Collected material
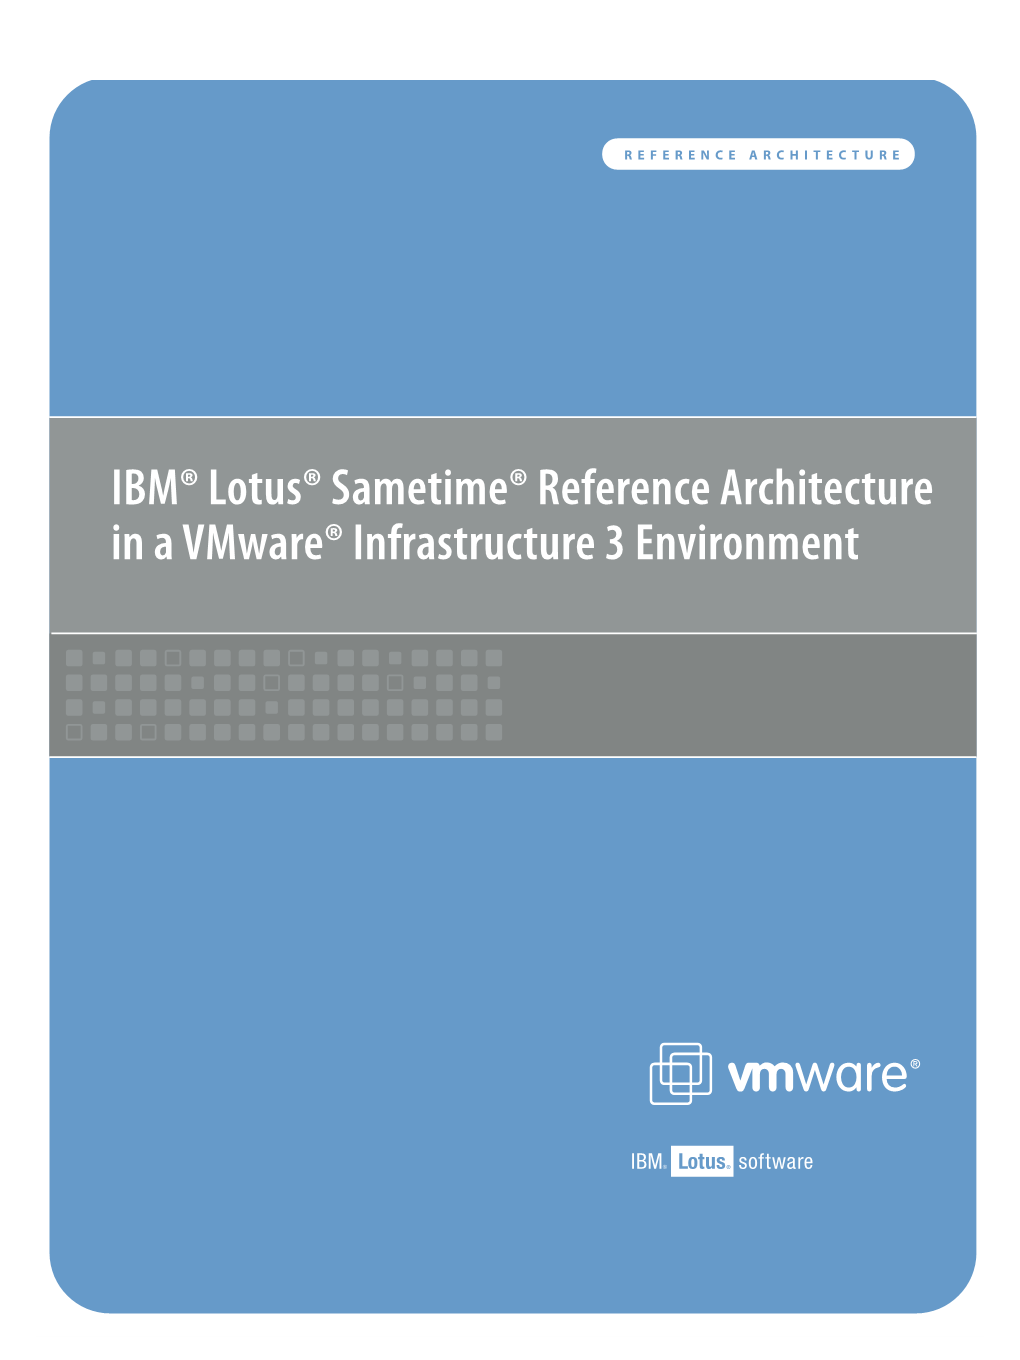 IBM® Lotus® Sametime® Reference Architecture in a Vmware® Infrastructure 3 Environment Reference Architecture
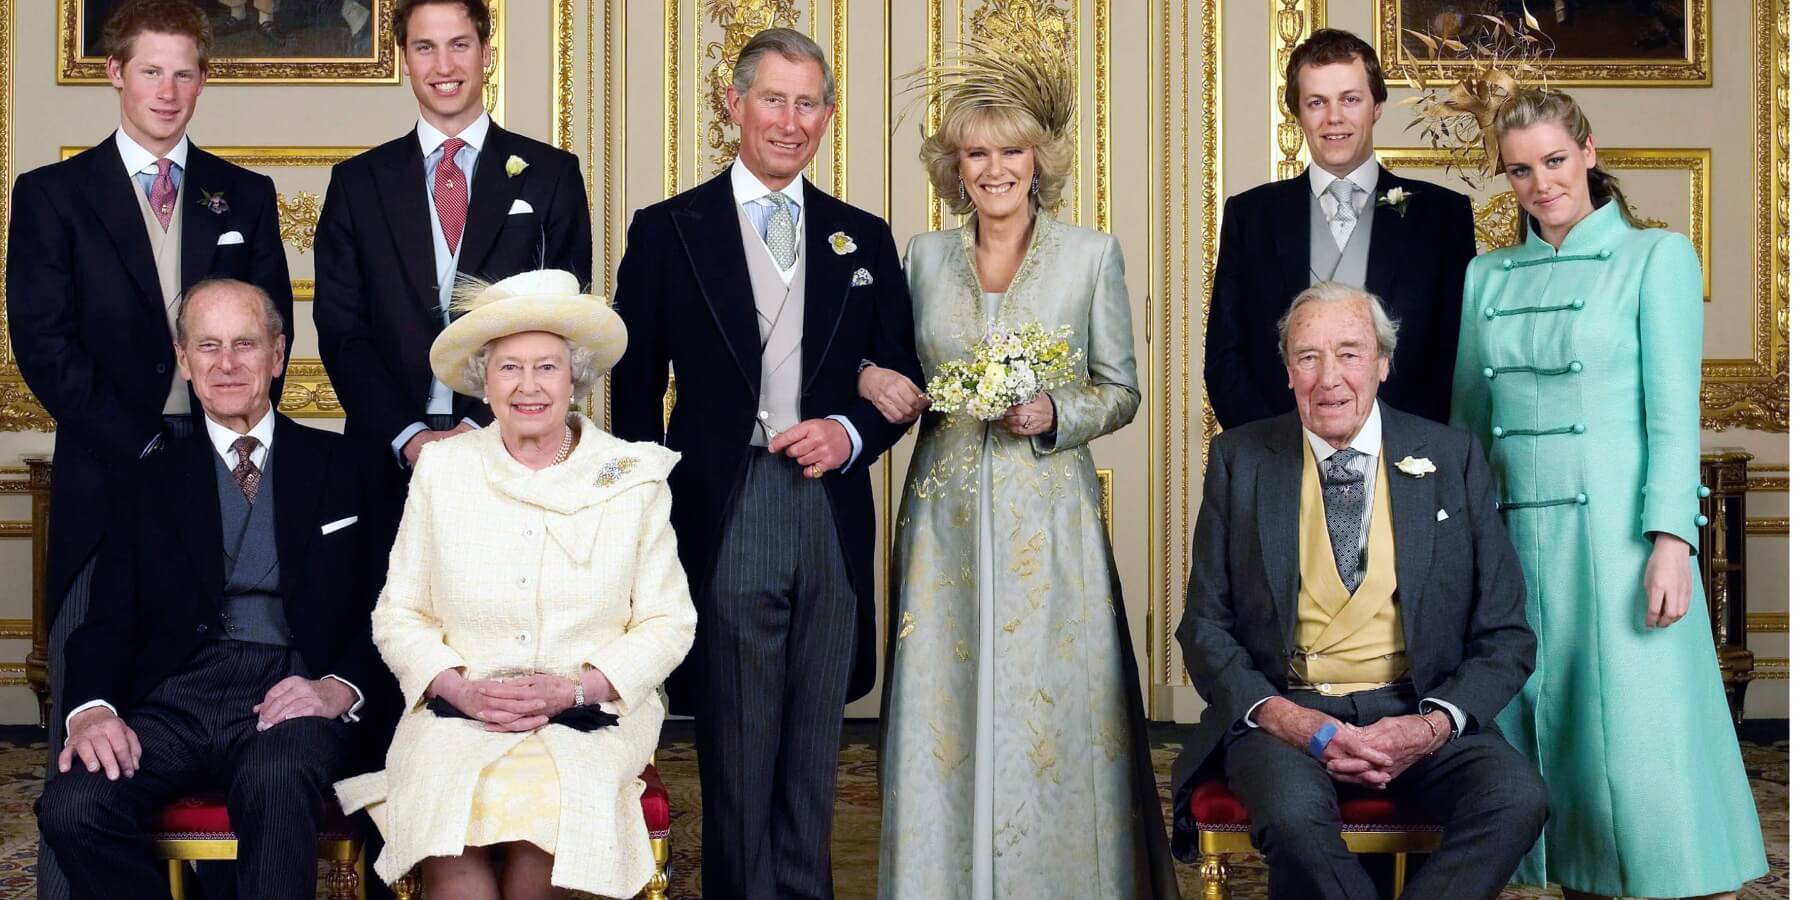 King Charles, Camilla Parker Bowles, Prince Harry, Prince William, Tom and Laura Parker Bowles, Prince Philip and Queen Elizabeth.
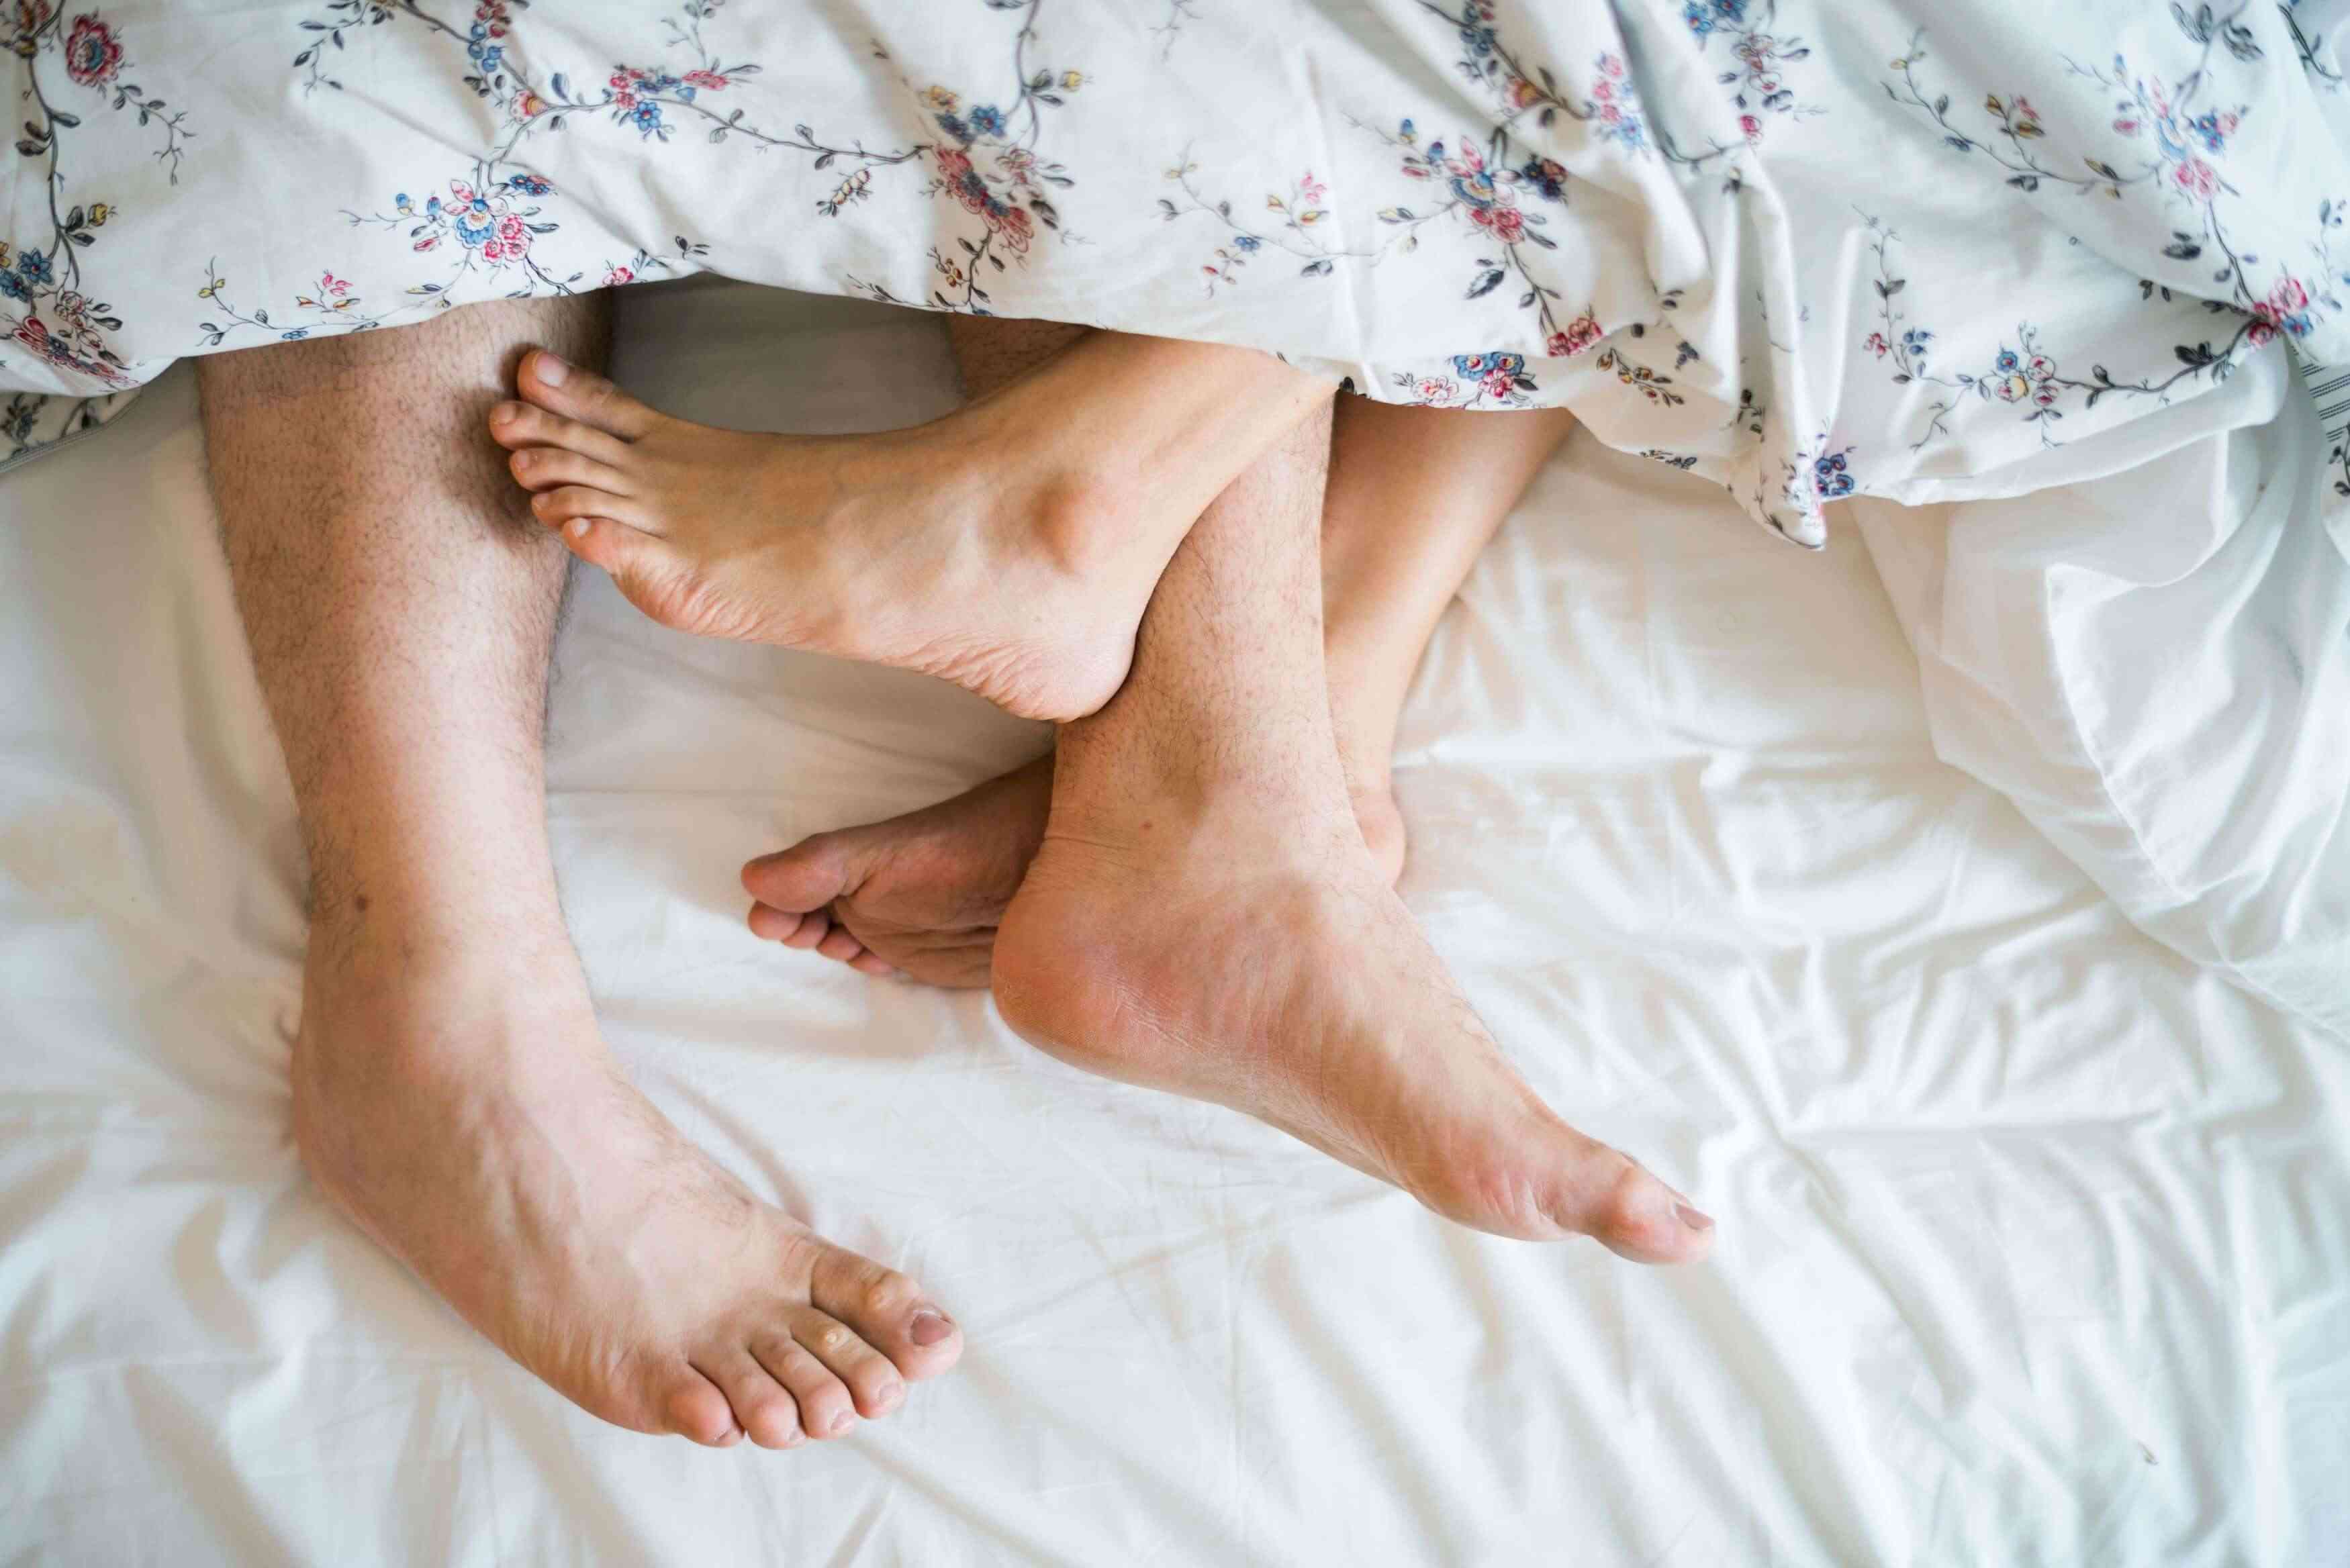 10 Fun Sex Ideas That Can Bring Passion Back To The Bedroom Regain image

Exercise
Write out, word for word, only the lines from the one containing "King Charles, Camilla" to the end of the data above; the pictures stay out.

Result of this task
 King Charles, Camilla Parker Bowles, Prince Harry, Prince William, Tom and Laura Parker Bowles, Prince Philip and Queen Elizabeth.
 10 Fun Sex Ideas That Can Bring Passion Back To The Bedroom Regain image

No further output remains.